Kedua, memberi teladan tanggung jawab. Nakal tanpa tanggung jawab hanya akan menimbulkan kekacauan. Tapi nakal yang diikuti dengan keberanian mengakui kesalahan akan melatih kedewasaan moral.
Ketiga, membangun komunikasi yang terbuka. Jika peserta didik berani bicara jujur tanpa takut dihukum, maka setiap kenakalan bisa menjadi bahan pembelajaran bersama, bukan sekadar pelanggaran.

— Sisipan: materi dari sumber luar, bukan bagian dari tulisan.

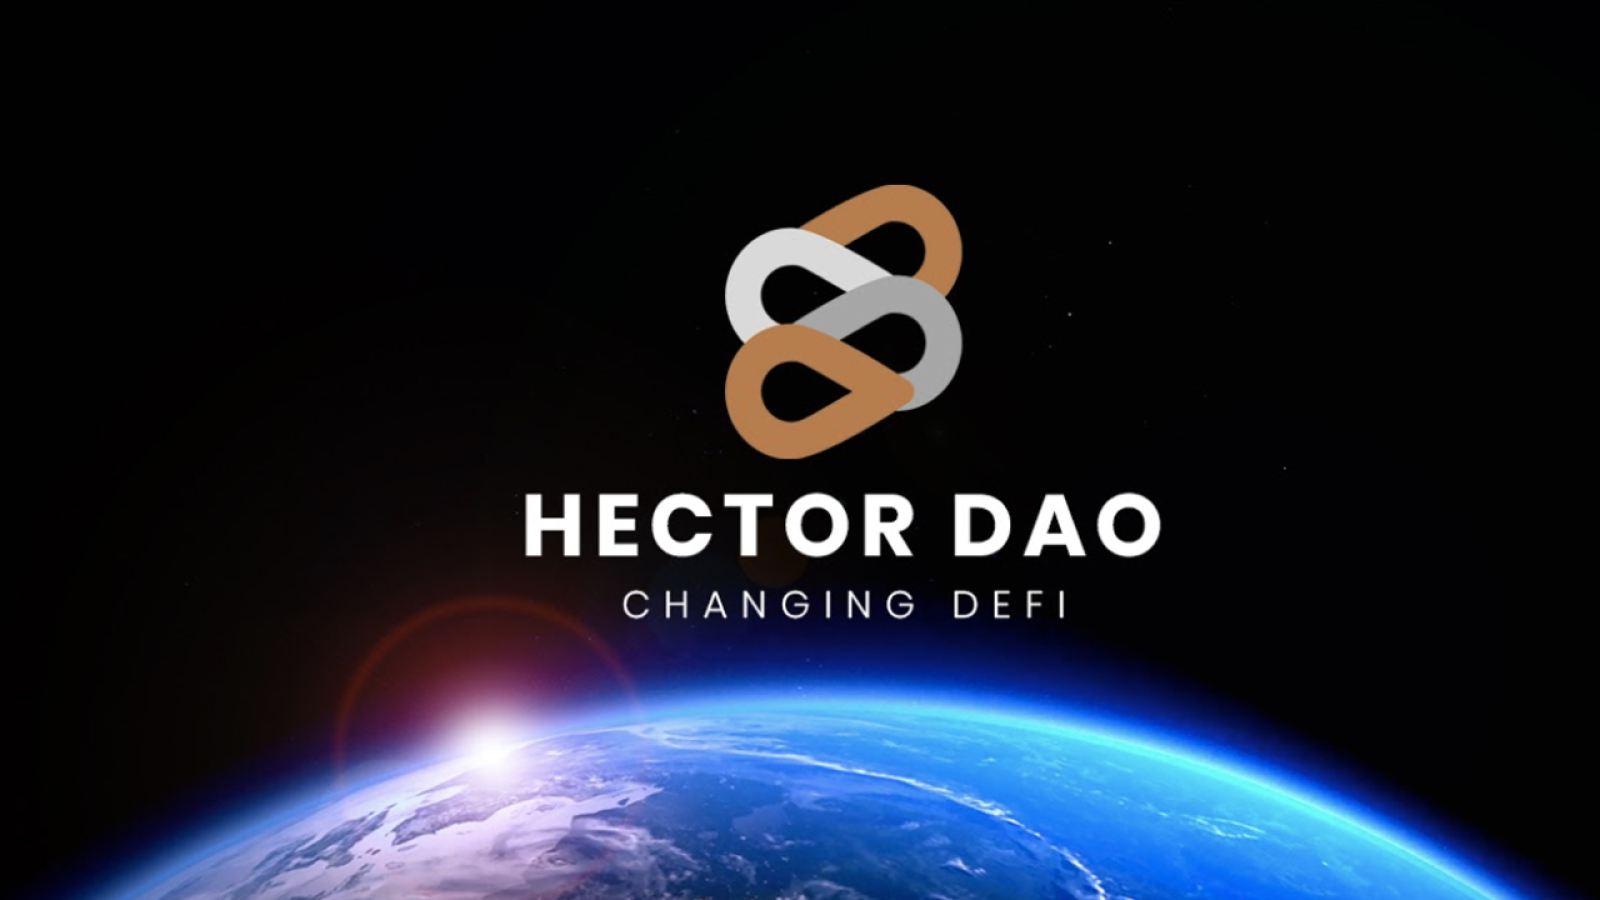 Hector DAO Aims to Revamp P2E NFT Gaming in 2022 Along With Other Major Projects

Keempat, menjadikan guru sebagai sahabat belajar. Ketika hubungan guru-siswa terjalin hangat, kenakalan justru menjadi tanda tumbuhnya rasa percaya, bukan bentuk perlawanan.
Ketika perkuliahan hari itu berakhir, seorang mahasiswa mendekati penulis dan berkata,
“Pak, ternyata benar ya, nakal itu asyik. Tapi yang lebih asyik lagi, ternyata dari nakal kita bisa belajar jadi manusia yang lebih dewasa.”
Penulis tersenyum. Itulah inti pendidikan yang penulis yakini. Bahwa belajar bukan untuk menjadi sempurna, tapi untuk tumbuh. Bahwa menjadi “nakal” bukan berarti menentang, tapi berani berpikir dan bertanggung jawab.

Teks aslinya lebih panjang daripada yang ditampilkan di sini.